Napęd jednak już nadaje się do wymiany. Na trzech zębatkach, z których najczęściej korzystam, wesoło sobie przy mocniejszym depnięciu co jakiś czas strzela. Swoje już przejechały, jak by nie patrzeć z 6k.
Teraz zakupiłem dwa łańcuchy, ciekawe czy napęd wytrzyma dłużej niż jeden sezon. Tak co 500km będę zmieniał łańcuch.


Statystyki:
Odległość: 25.00 km;
Czas: 01:05 h
Średnia: 23.08 km/h;
Temperatura:20.0;

ponownie nic ciekawego

Sobota, 4 maja 2013 | Komentarze 0


Takie tam kręcenie korbą.


Statystyki:
Odległość: 65.00 km;
Czas: 02:55 h
Średnia: 22.29 km/h;
Temperatura:20.0;

po geocache przy Dino Parku

Piątek, 3 maja 2013 | Komentarze 0


Do tej skrzynki to podchodziłem kilka razy. Okazało się że ktoś ją skradł i niedawno została ona reaktywowana.
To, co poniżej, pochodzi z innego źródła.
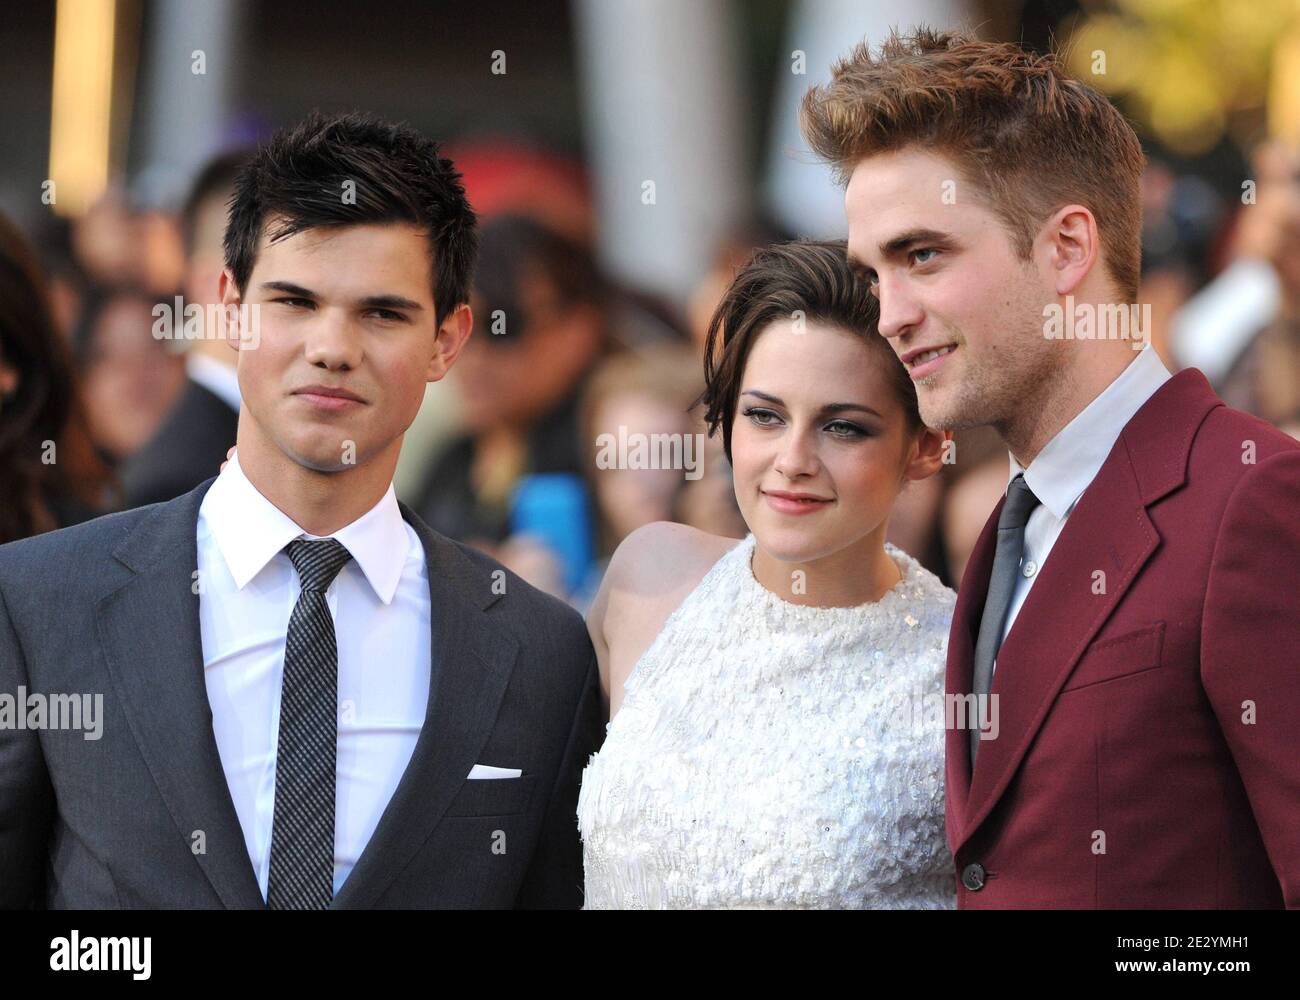 'Robert Pattinson, Kristen Stewart and Taylor Lautner attend the premiere of ''The Twilight Saga: Eclipse'' part of the 2010 Los Angeles Film Festival. Los Angeles, June 24, 2010. (Pictured : Robert Pattinson, Kristen Stewart, Taylor Lautner). Photo by Lionel Hahn/ABACAPRESS.COM' Stock Photo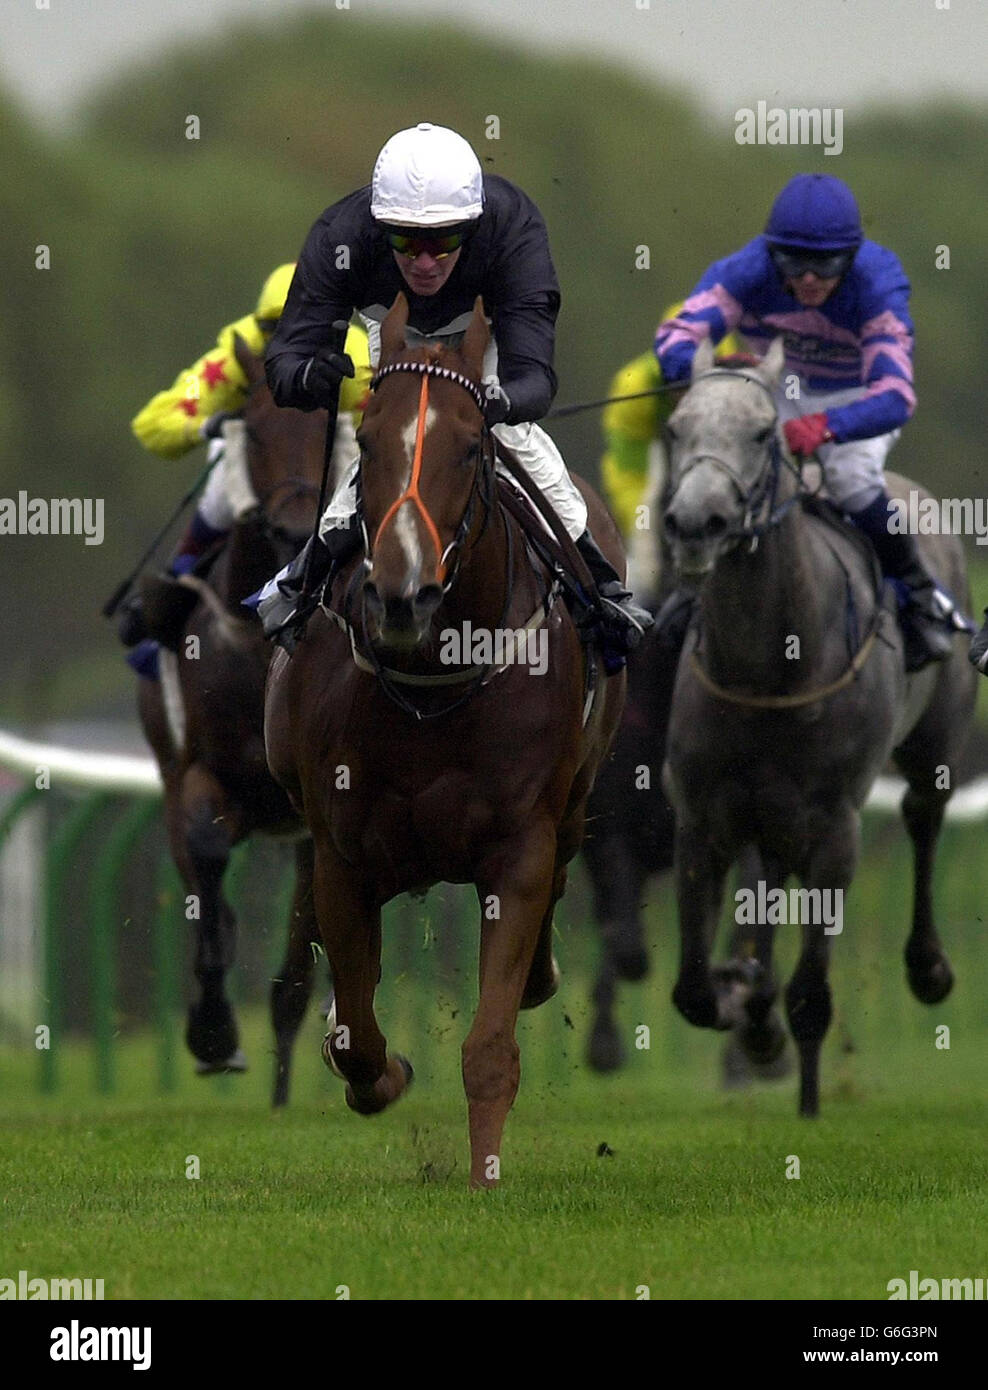 Brave Burt, ridden by Richard Hughes, wins the 2.45 Tote Bigger Winnings Handicap Rated Stakes at the Western Meeting at Ayr Racecourse, Scotland. Stock Photo

Tak więc wybrałem się ze Sławkiem na jej poszukiwania. Znaleźliśmy ją szybko, ino w środku ołówka nie było, tak więc zakupiłem w pobliskim sklepie mazidło i wpisałem się do logbooka.
Żeby nie wracać tą samą drogą wróciliśmy jadąc wałem biegnącym wzdłuż Warty, potem pokręciliśmy się po polach, przystanęliśmy przy dębach (imienia Jana Pawła II) i wyjechaliśmy w okolicach Ulimia by następnie udać się ku domostwom.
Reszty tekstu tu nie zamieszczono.